Hafnium therefore maintains a 1:1 mapping of physical CPUs to vCPUs for the primary VM, and allows the primary VM to control the power state of physical CPUs directly through the standard Arm Power State Coordination Interface (PSCI). The primary VM should then create kernel threads for each secondary VM vCPU and schedule them to run the vCPUs according to the interface expectations defined by Hafnium. PSCI calls made by secondary VMs are handled by Hafnium, to change the state of the VM's vCPUs. In the case of (Android) Linux running in the primary VM this is handled by the Hafnium kernel module.

Example

For example, considering a simple system with a single physical CPU, and a single secondary VM with one vCPU, where the primary VM kernel has created thread 1 to run the secondary VM's vCPU while thread 2 is some other normal thread:

scheduler example sequence diagram

  1. Scheduler chooses thread 1 to run.
  2. Scheduler runs thread 1, and configures a physical timer to expire once the quantum runs out.
  3. Thread 1 is responsible for running a vCPU, so it asks Hafnium to run it.
  4. Hafnium switches to the secondary VM vCPU.
  5. Eventually the quantum runs out and the physical timer interrupts the CPU.
  6. Hafnium traps the interrupt. Physical interrupts are owned by the primary VM, so it switches back to the primary VM.
  7. The interrupt handler in the primary VM gets invoked, and calls the scheduler.
  8. Scheduler chooses a different thread to run (thread 2).
  9. Scheduler runs thread 2.

Memory

At boot time each VM owns a mutually exclusive subset of memory pages, as configured by the manifest. These pages are all identity mapped in the stage 2 page table which Hafnium manages for the VM, so that it has full access to use them however it wishes.
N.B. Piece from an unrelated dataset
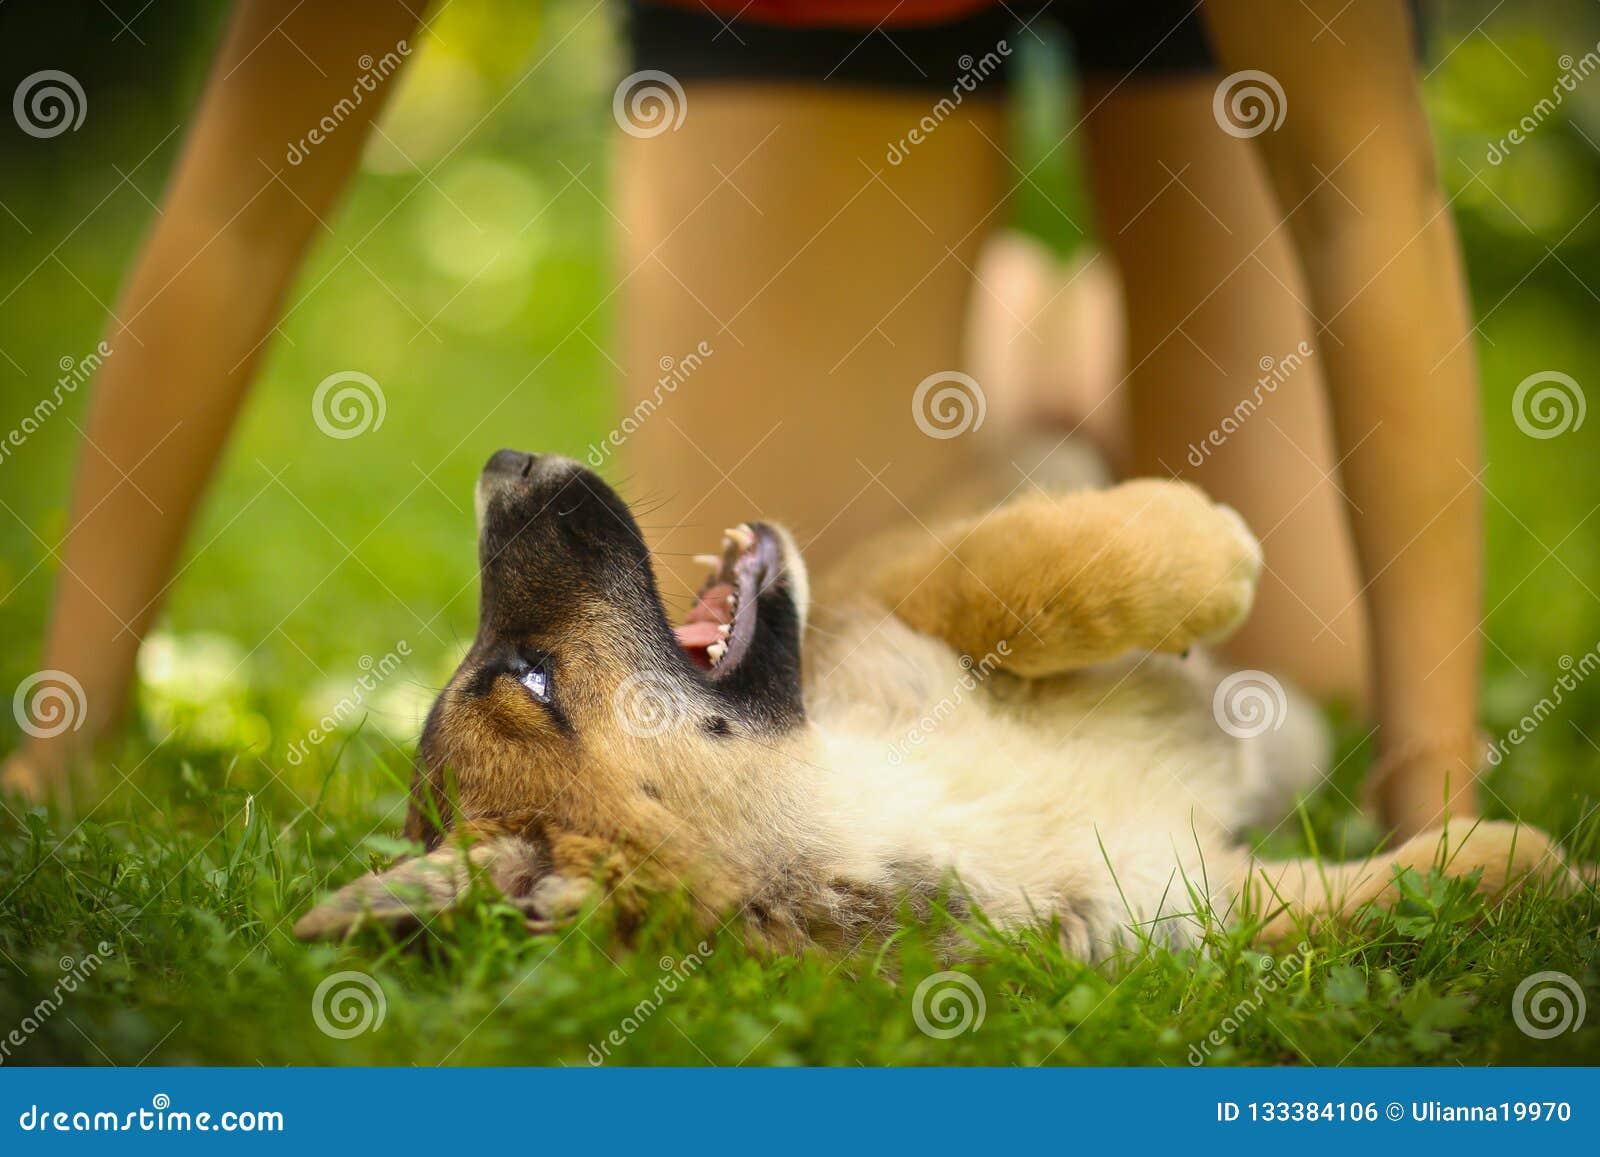 Teenager girl hug puppy shepherd dog close up photo

Hafnium maintains state of which VM owns each page, and which VMs have access to it. It does this using the stage 2 page tables of the VMs, with some extra application-defined bits in the page table entries. A VM may share, lend or donate memory pages to another VM using the appropriate SPCI requests. A given page of memory may never be shared with more than two VMs, either in terms of ownership or access. Thus, the following states are possible for each page, for some values of X and Y:

  • Owned by VM X, accessible only by VM X
    • This is the initial state for each page, and also the state of a page that has been donated.
  • Owned by VM X, accessible only by VM Y
    • This state is reached when a page is lent.
  • Owned by VM X, accessible by VMs X and Y
    • This state is reached when a page is shared.
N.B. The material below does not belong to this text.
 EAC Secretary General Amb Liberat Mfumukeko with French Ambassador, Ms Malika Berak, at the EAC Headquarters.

For now, in the interests of simplicity, Hafnium always uses identity mapping in all page tables it manages (stage 2 page tables for VMs, and stage 1 for itself) – i.e. the IPA (intermediate physical address) is always equal to the PA (physical address) in the stage 2 page table, if it is mapped at all.

Devices

From Hafnium's point of view a device consists of:

  • An MMIO address range (i.e. a set of pages).
  • A set of interrupts that the device may generate.
  • Some IOMMU configuration associated with the device.
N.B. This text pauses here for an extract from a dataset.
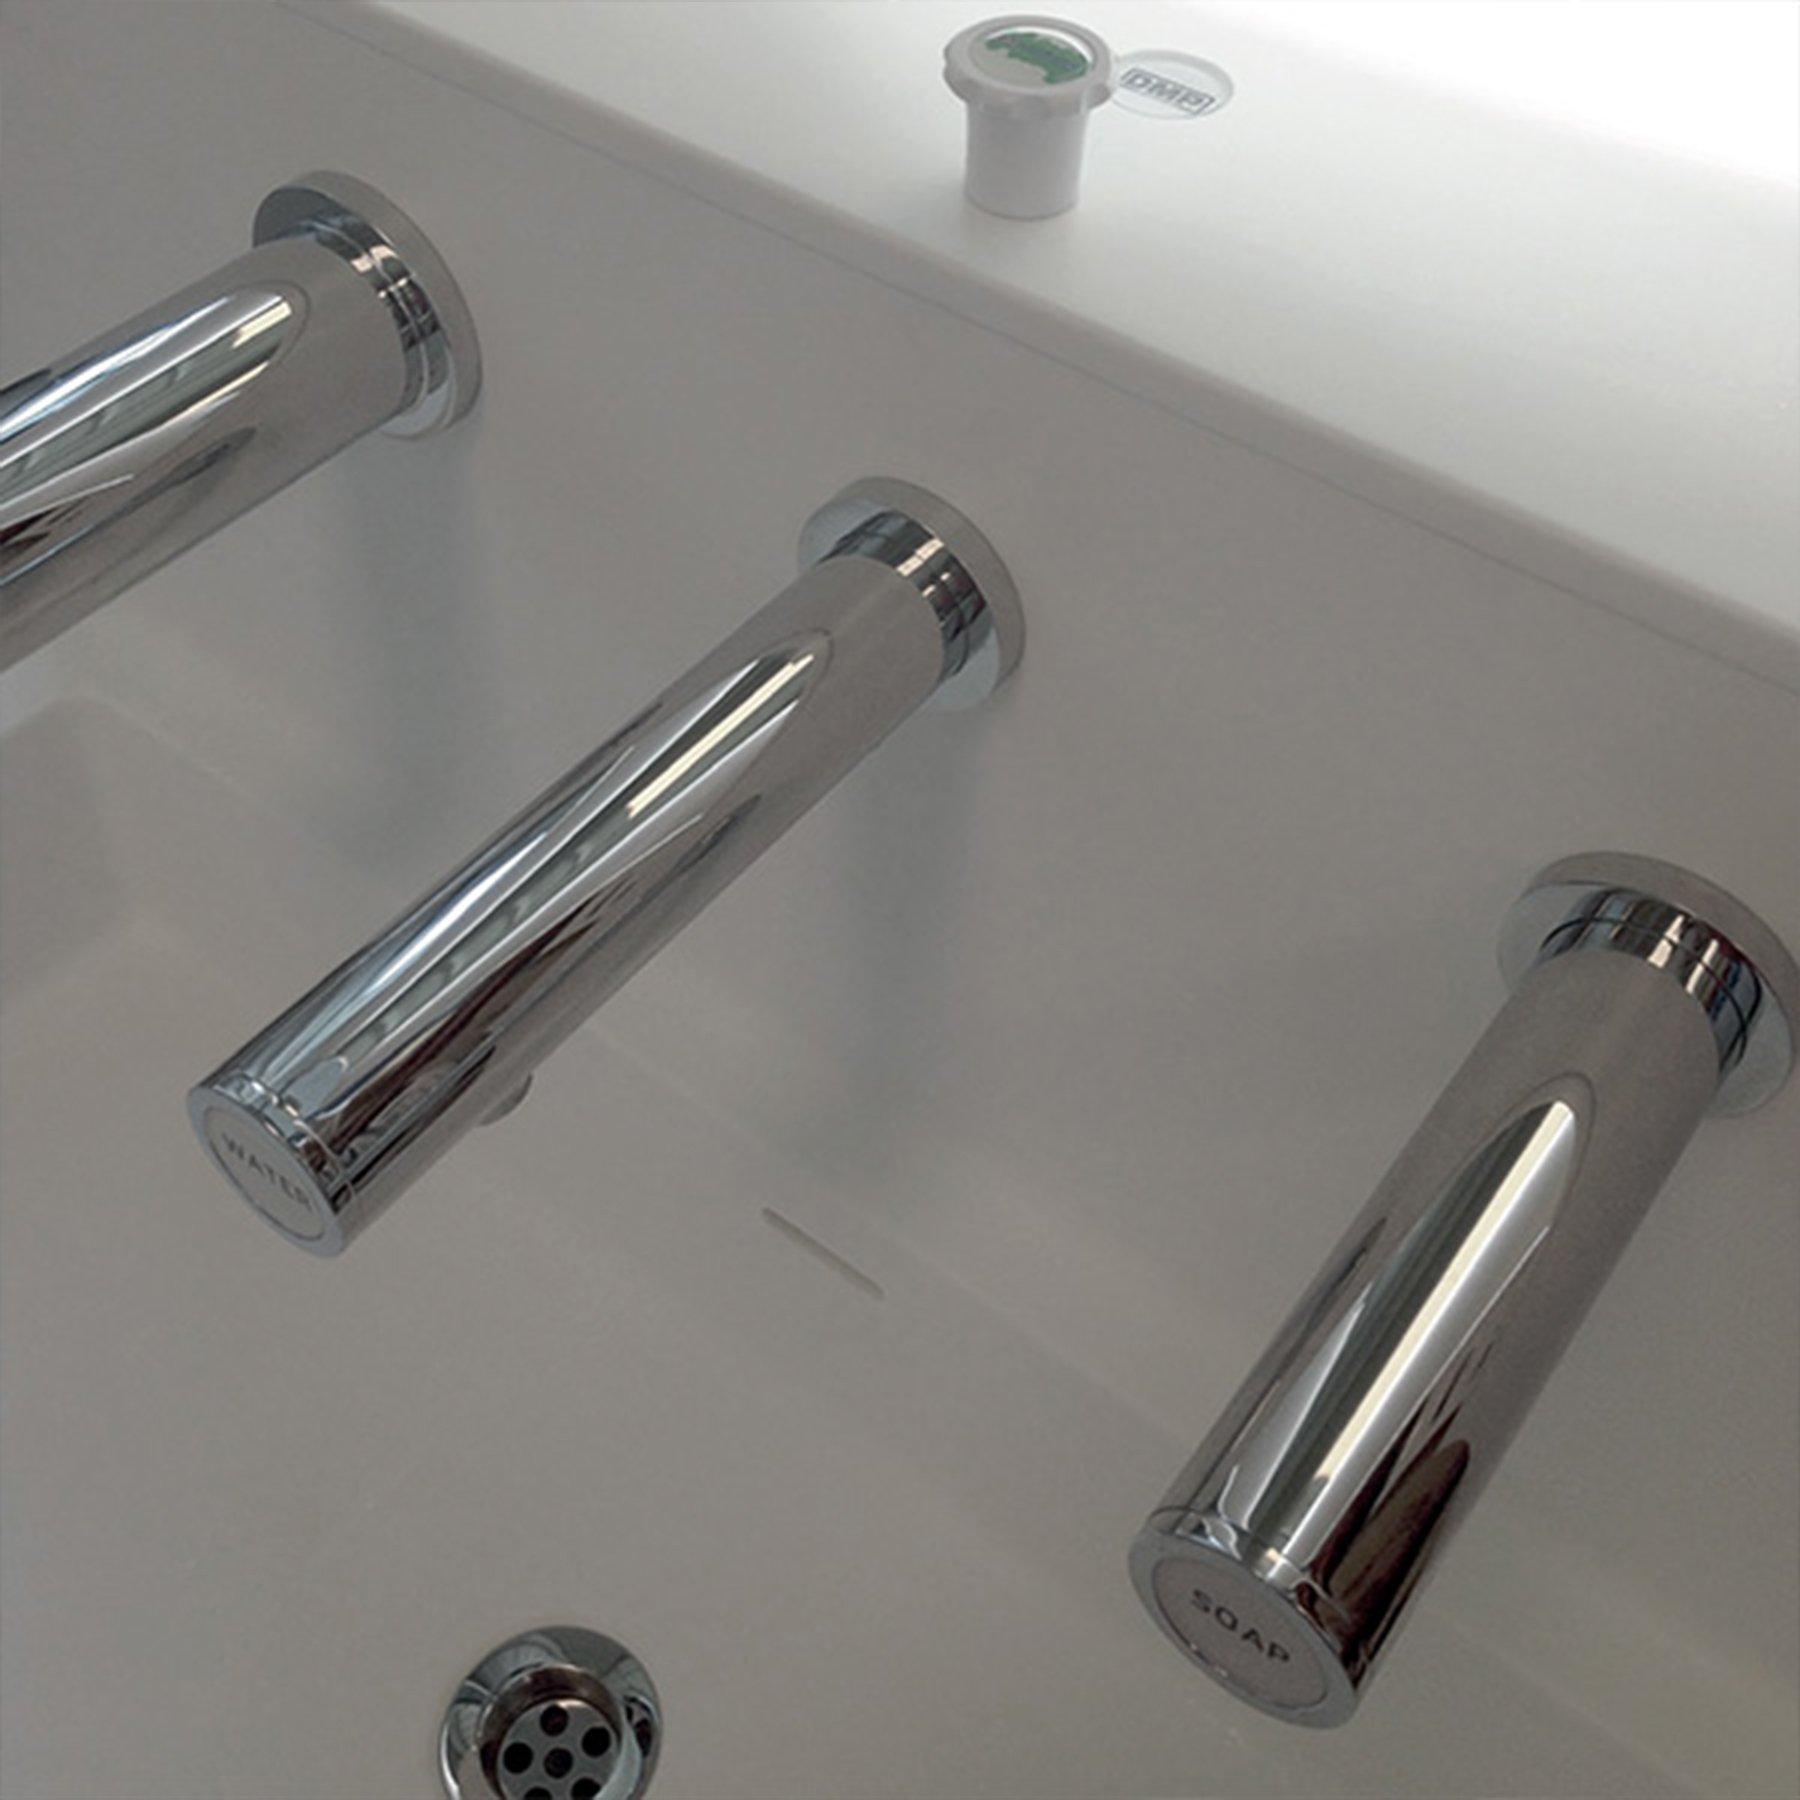 washroom-solutions-aqualogic

For now, each device is associated with exactly one VM, which is statically assigned at boot time (through the manifest) and cannot be changed at runtime.

Hafnium is responsible for mapping the device‘s MMIO pages into the owning VM’s stage 2 page table with the appropriate attributes, and for configuring the IOMMU so that the device can only access the memory that is accessible by its owning VM. This needs to be kept in sync as the VM's memory access changes with memory sharing operations. Hafnium may also need to re-initialise the IOMMU if the device is powered off and powered on again.

The primary VM is responsible for forwarding interrupts to the owning VM, in case the device is owned by a secondary VM. This does mean that a compromised primary VM may choose not to forward interrupts, or to inject spurious interrupts, but this is consistent with our security model that secondary VMs are not guaranteed any level of availability.